(TASK ITEM): Emit an exact copy of the lines running from the start of the records to the line containing "Bridging the Talent", both included.

(RECORDS FOR THIS TASK):

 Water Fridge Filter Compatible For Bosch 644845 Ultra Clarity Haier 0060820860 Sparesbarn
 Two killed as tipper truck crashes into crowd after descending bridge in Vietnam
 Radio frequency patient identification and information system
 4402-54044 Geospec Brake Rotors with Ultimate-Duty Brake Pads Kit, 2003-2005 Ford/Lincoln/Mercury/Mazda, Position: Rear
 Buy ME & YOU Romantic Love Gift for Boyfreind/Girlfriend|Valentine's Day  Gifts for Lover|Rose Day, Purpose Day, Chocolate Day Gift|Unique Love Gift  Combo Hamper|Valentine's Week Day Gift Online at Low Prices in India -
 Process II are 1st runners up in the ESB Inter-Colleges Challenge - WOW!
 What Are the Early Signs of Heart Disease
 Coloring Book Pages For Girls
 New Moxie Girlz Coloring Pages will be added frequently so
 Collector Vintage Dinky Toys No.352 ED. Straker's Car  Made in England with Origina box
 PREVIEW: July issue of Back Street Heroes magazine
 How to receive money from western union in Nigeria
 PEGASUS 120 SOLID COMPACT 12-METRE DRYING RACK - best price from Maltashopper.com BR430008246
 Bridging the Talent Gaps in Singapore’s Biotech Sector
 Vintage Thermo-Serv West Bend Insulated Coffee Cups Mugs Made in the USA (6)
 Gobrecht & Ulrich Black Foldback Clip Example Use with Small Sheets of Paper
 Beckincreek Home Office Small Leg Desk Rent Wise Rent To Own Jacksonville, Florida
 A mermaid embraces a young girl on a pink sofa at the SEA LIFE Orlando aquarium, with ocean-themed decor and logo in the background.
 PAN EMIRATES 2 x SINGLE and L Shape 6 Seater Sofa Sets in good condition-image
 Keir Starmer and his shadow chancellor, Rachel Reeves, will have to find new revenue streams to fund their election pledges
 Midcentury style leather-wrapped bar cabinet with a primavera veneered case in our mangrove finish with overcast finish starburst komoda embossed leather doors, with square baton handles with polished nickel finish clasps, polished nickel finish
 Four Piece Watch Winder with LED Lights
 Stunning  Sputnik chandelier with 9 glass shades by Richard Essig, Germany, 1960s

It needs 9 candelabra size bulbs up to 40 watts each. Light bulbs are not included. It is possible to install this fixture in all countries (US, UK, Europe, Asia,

(RESPONSE TO THIS TASK):
 Water Fridge Filter Compatible For Bosch 644845 Ultra Clarity Haier 0060820860 Sparesbarn
 Two killed as tipper truck crashes into crowd after descending bridge in Vietnam
 Radio frequency patient identification and information system
 4402-54044 Geospec Brake Rotors with Ultimate-Duty Brake Pads Kit, 2003-2005 Ford/Lincoln/Mercury/Mazda, Position: Rear
 Buy ME & YOU Romantic Love Gift for Boyfreind/Girlfriend|Valentine's Day  Gifts for Lover|Rose Day, Purpose Day, Chocolate Day Gift|Unique Love Gift  Combo Hamper|Valentine's Week Day Gift Online at Low Prices in India -
 Process II are 1st runners up in the ESB Inter-Colleges Challenge - WOW!
 What Are the Early Signs of Heart Disease
 Coloring Book Pages For Girls
 New Moxie Girlz Coloring Pages will be added frequently so
 Collector Vintage Dinky Toys No.352 ED. Straker's Car  Made in England with Origina box
 PREVIEW: July issue of Back Street Heroes magazine
 How to receive money from western union in Nigeria
 PEGASUS 120 SOLID COMPACT 12-METRE DRYING RACK - best price from Maltashopper.com BR430008246
 Bridging the Talent Gaps in Singapore’s Biotech Sector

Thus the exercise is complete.